Wherever a picture appears, skip it and retype the rest of the data exactly.

COLLECTED MATERIAL Block Start

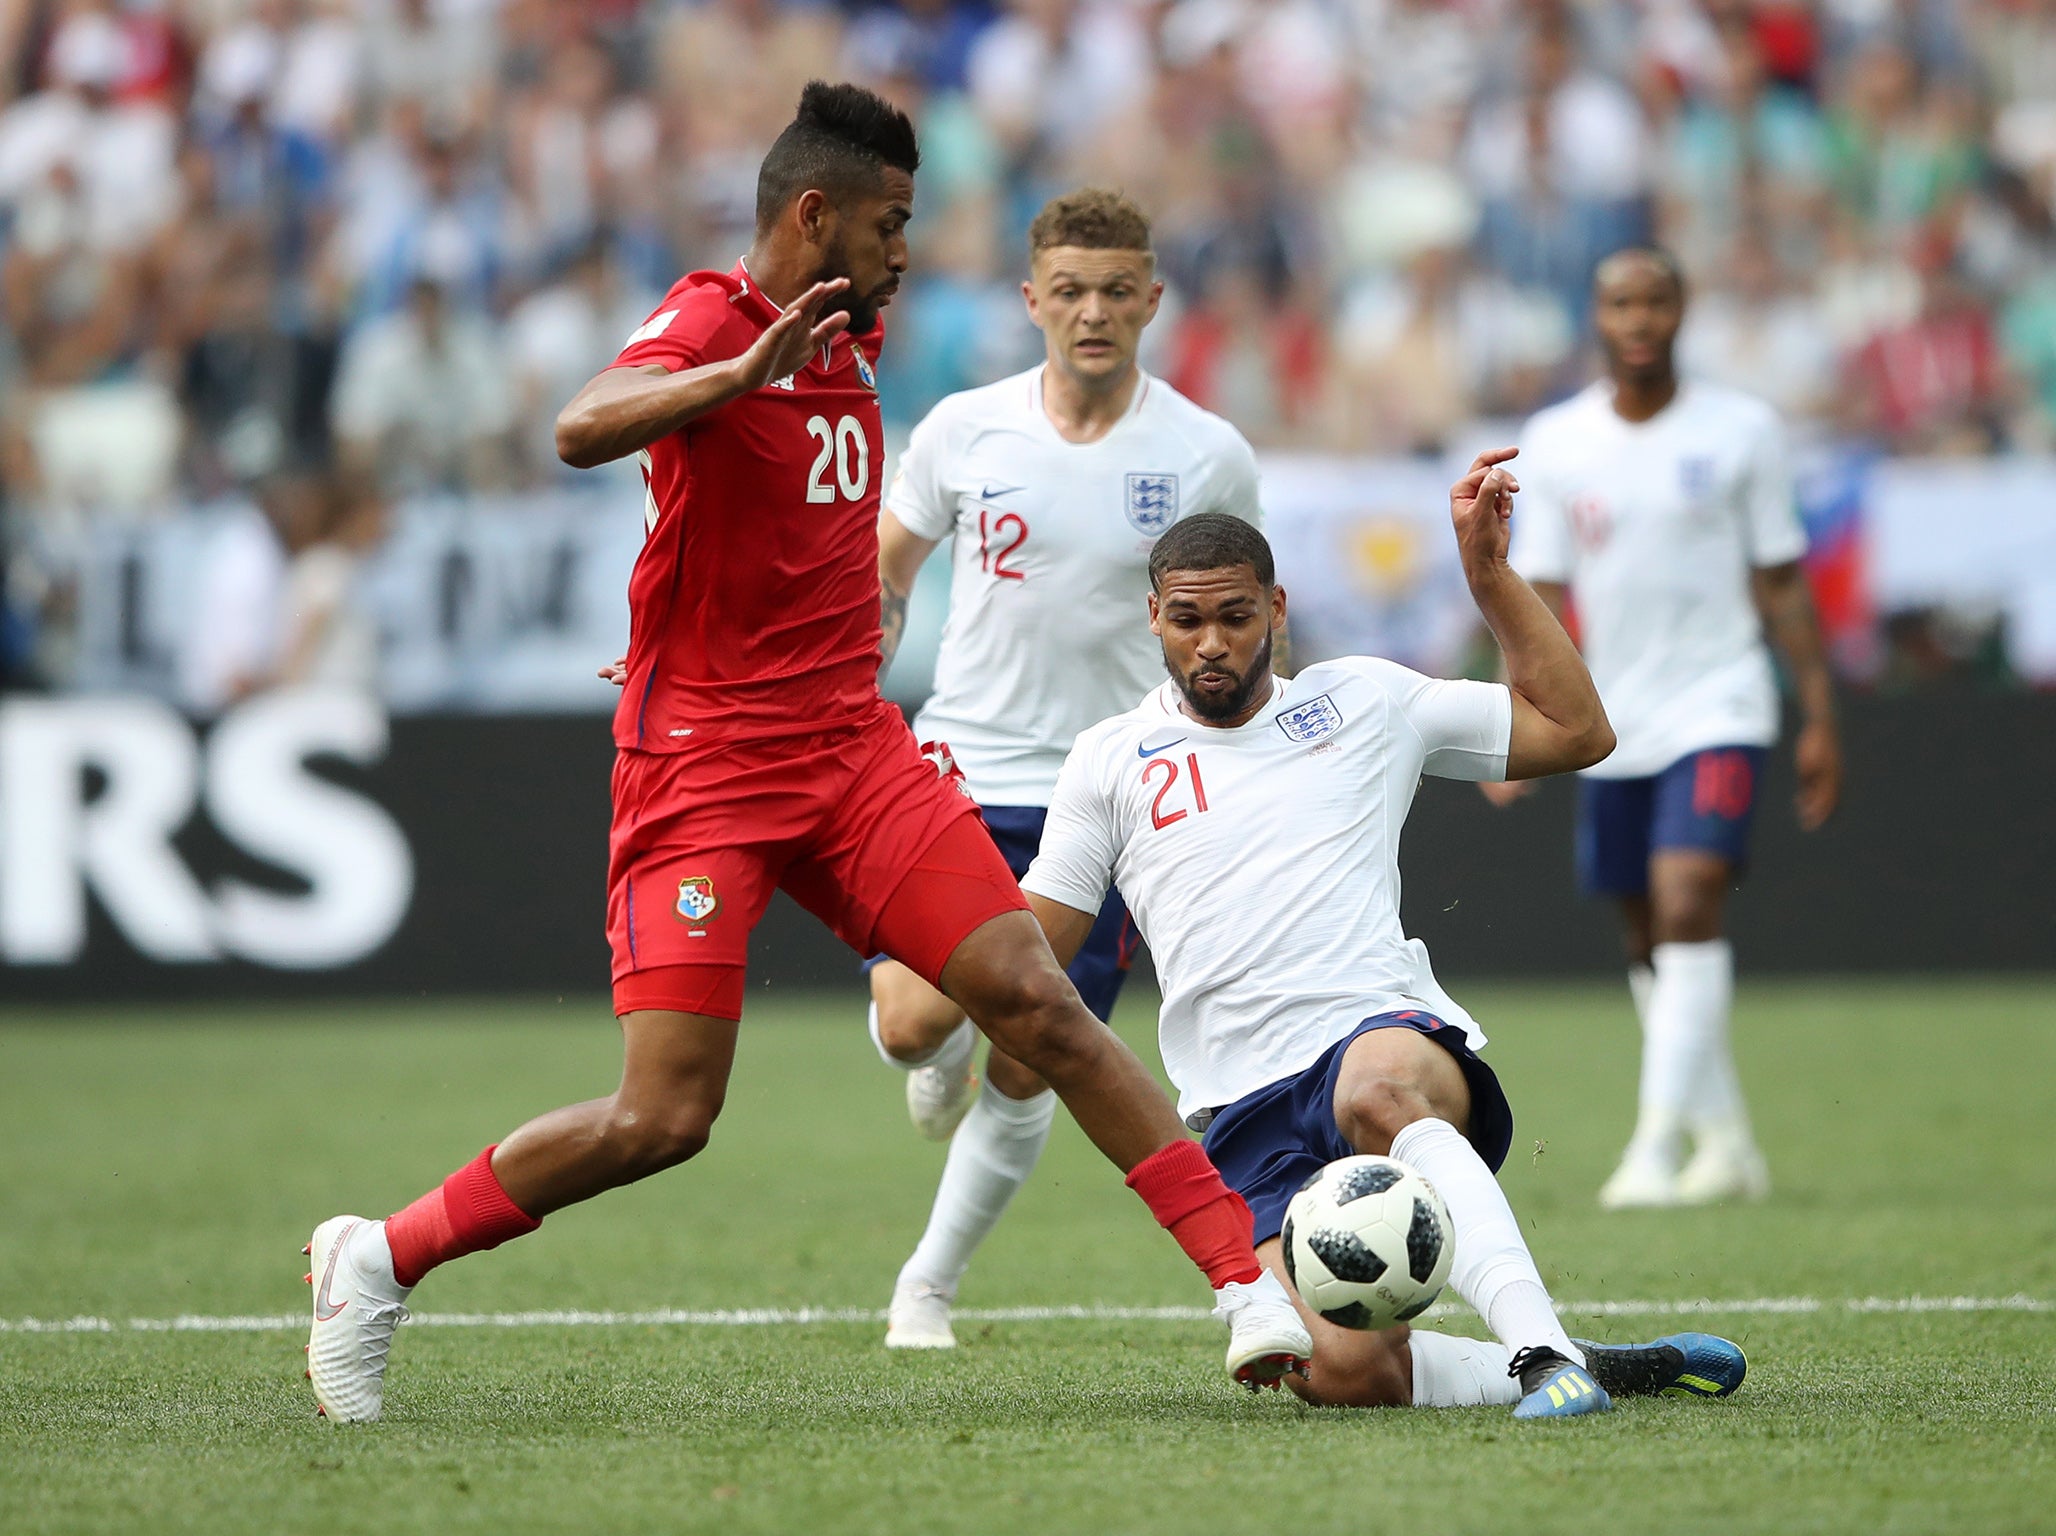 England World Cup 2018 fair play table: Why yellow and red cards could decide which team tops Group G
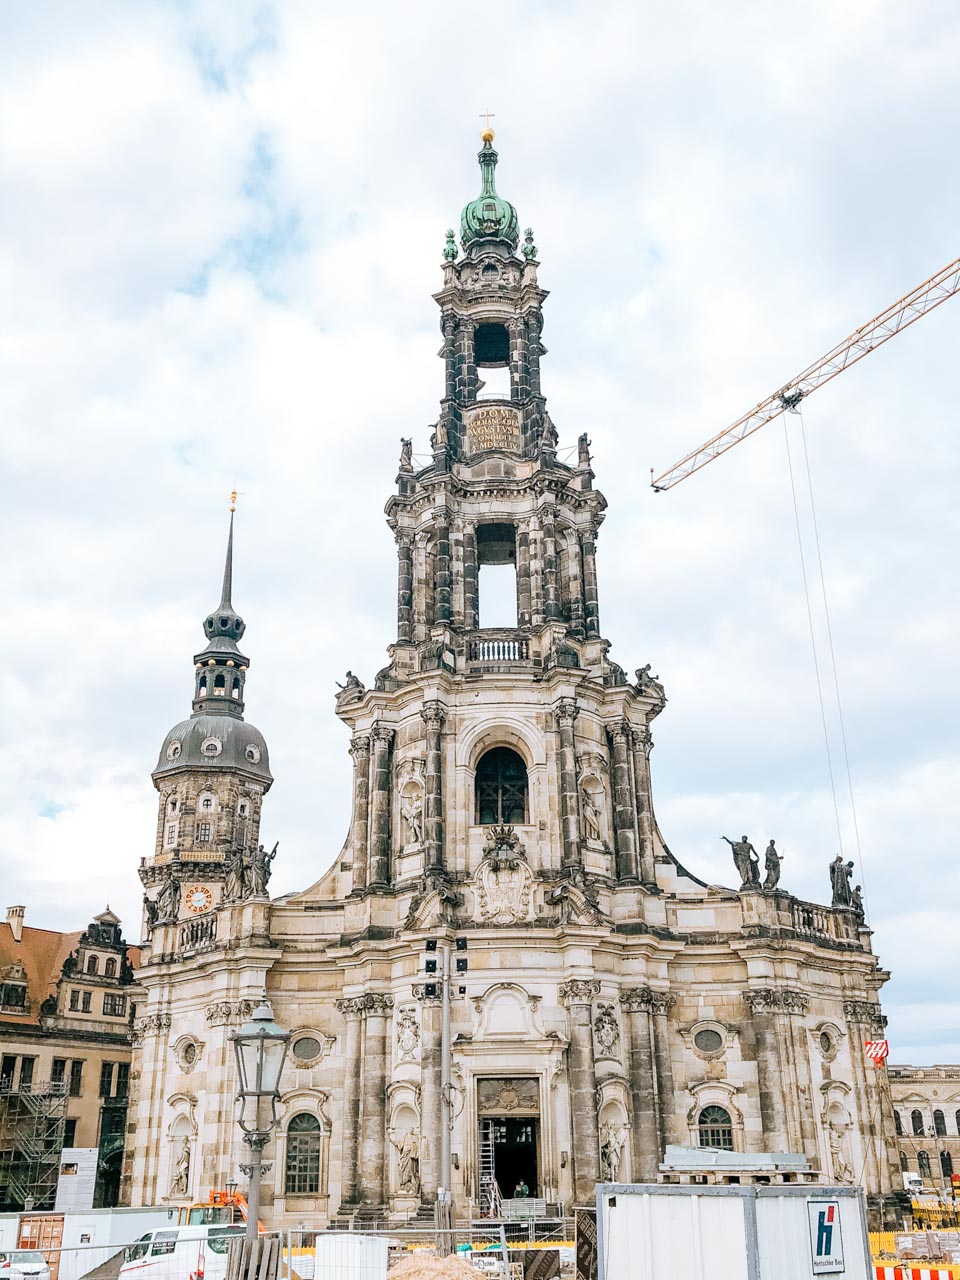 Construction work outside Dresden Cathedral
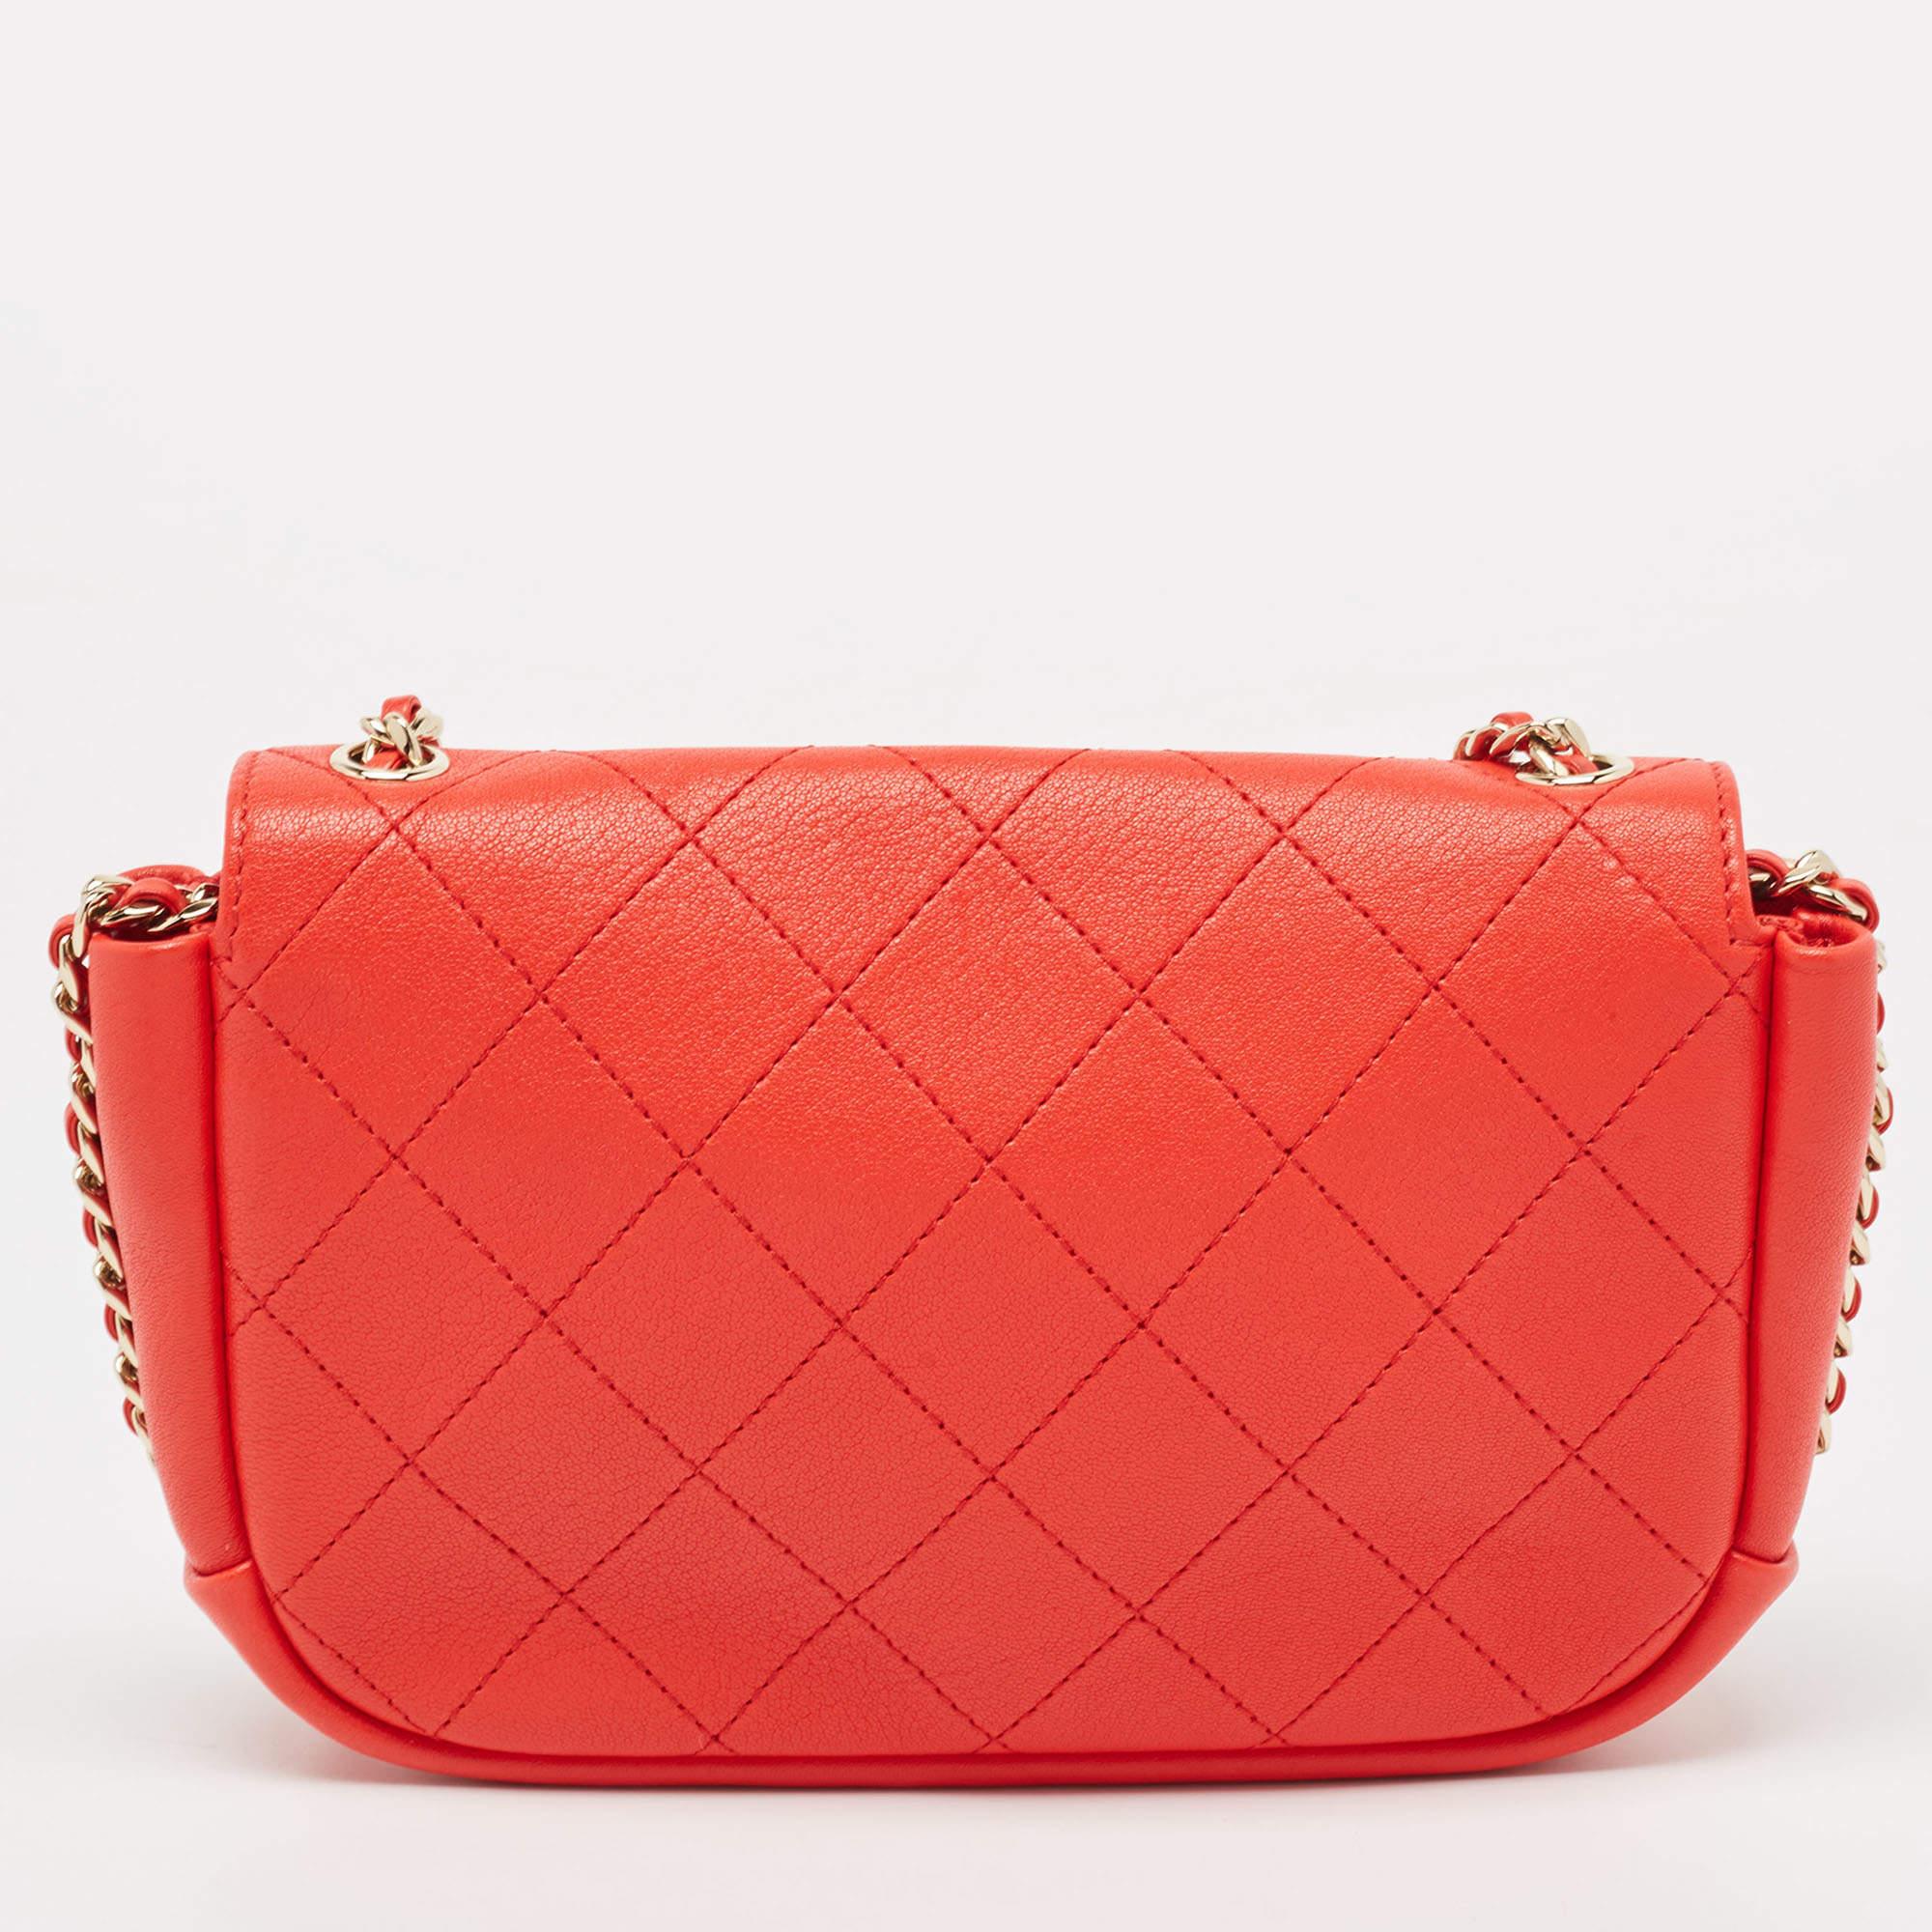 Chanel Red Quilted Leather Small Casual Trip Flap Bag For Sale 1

COLLECTED MATERIAL Block End

ANSWER SPACE:
 England World Cup 2018 fair play table: Why yellow and red cards could decide which team tops Group G
 Construction work outside Dresden Cathedral
 Chanel Red Quilted Leather Small Casual Trip Flap Bag For Sale 1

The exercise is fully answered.